Section 7.2 Termination by Either Parent or the Company. This Agreement may be terminated by either Parent or the Company by written notice at any
time prior to the Effective Time:
(a) whether prior to or after the satisfaction of the condition set forth in Section
6.1(a), if the Effective Time is not on or before March 31, 2009 (the “Outside Date”);
(b) if this Agreement has been submitted to the stockholders of the Company for adoption at a
duly convened Company Stockholders Meeting and the Requisite Stockholder Vote shall not have been
obtained at such meeting (including any adjournment or postponement thereof); or
(c) if any Law or Governmental Entity prohibits consummation of the Merger or if any Order
restrains, enjoins or otherwise prohibits consummation of the Merger, and such Order has become
final and nonappealable; provided, however that the party seeking to terminate this
Agreement pursuant to this Section 7.2(c) shall have used all reasonable best efforts to prevent the entry of and to remove or avoid such prohibition or Order to the extent within its
control or influence;
provided, however, that in each case the right to terminate this Agreement under
this Section 7.2 will not be available to any party to this Agreement whose failure to
fulfill any of its obligations under this Agreement has been a principal cause of, or resulted in,
the failure of a condition to the Merger.
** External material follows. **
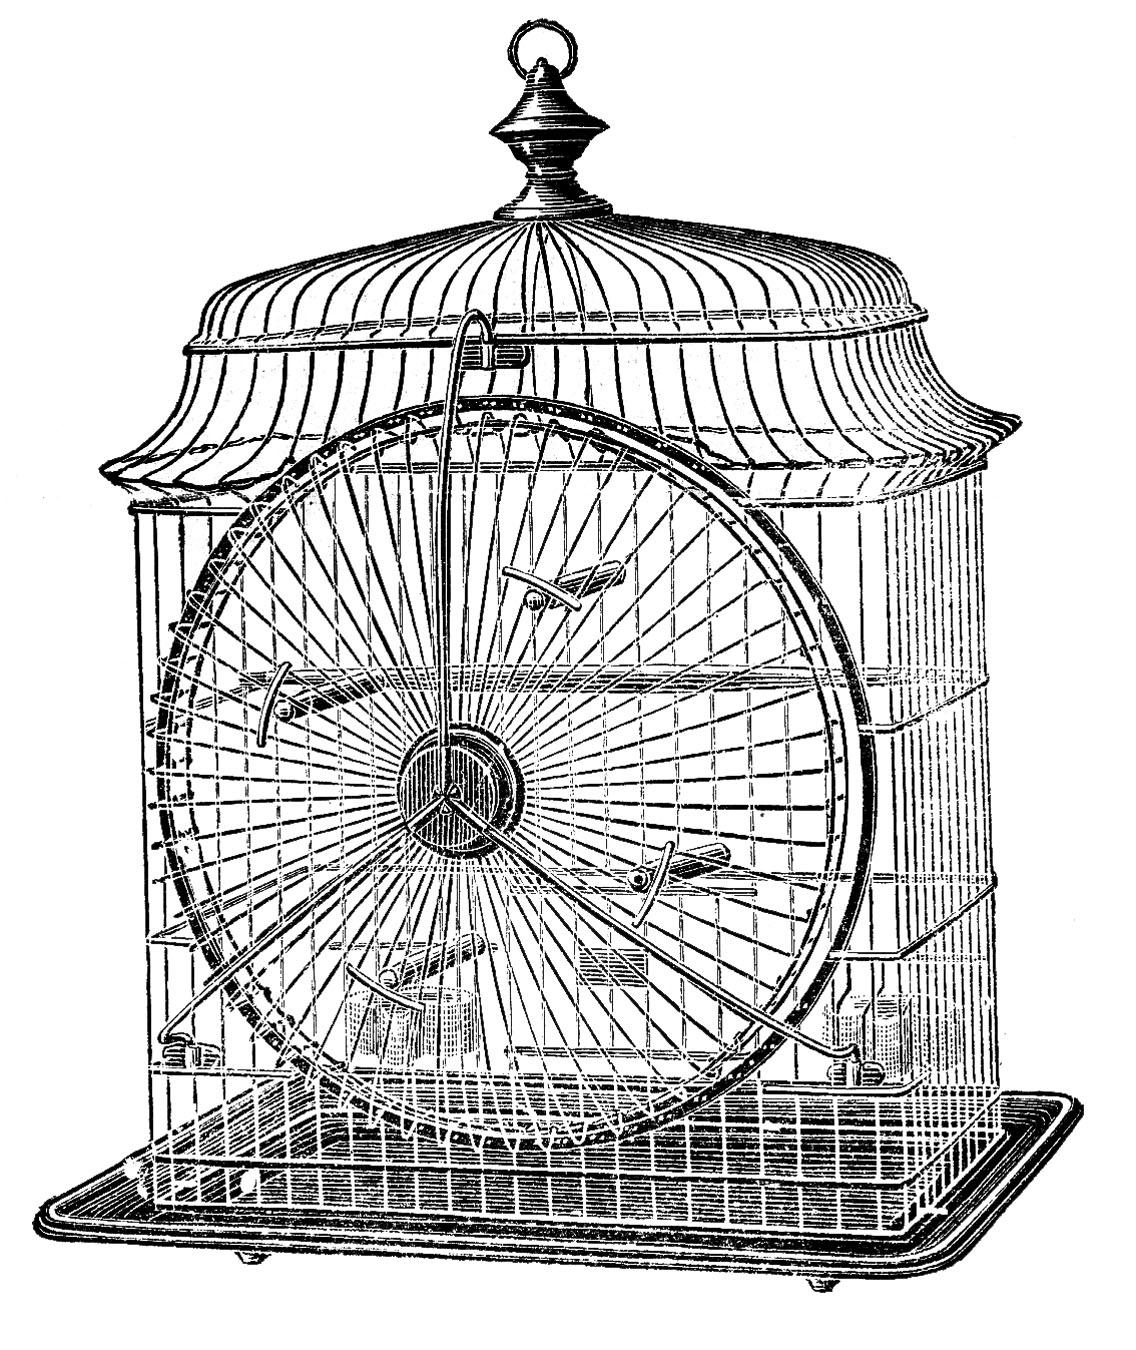 Betting birdcage bet on big brother winner

Section 7.3 Termination by Parent. This Agreement may be terminated by Parent by written notice at any time prior to the
Effective Time:
51
(a) if, (i) the Company Board shall have made a Recommendation Change, (ii) the Company Board
approves, endorses or recommends any Takeover Proposal other than the Merger or has entered into
any letter of intent or similar document or any contract accepting any Takeover Proposal, (iii) the
Company shall have failed to include the Company Board Recommendation in the Proxy Statement to the
extent required pursuant to Section 5.5, or (iv) the Company has intentionally and
knowingly materially breached any of its obligations under Section 5.3; or
(b) if a breach of any representation, warranty, covenant or agreement on the part of the
Company set forth in this Agreement shall have occurred which would cause the conditions set forth
in Section 6.2(a) or Section 6.2(b) not to be satisfied, and such breach is
incapable of being cured by the Outside Date; provided, however, that neither Parent nor Merger Sub
is then in material breach of this Agreement such that the conditions set forth in Section
6.3(a) or Section 6.3(b) would not be satisfied.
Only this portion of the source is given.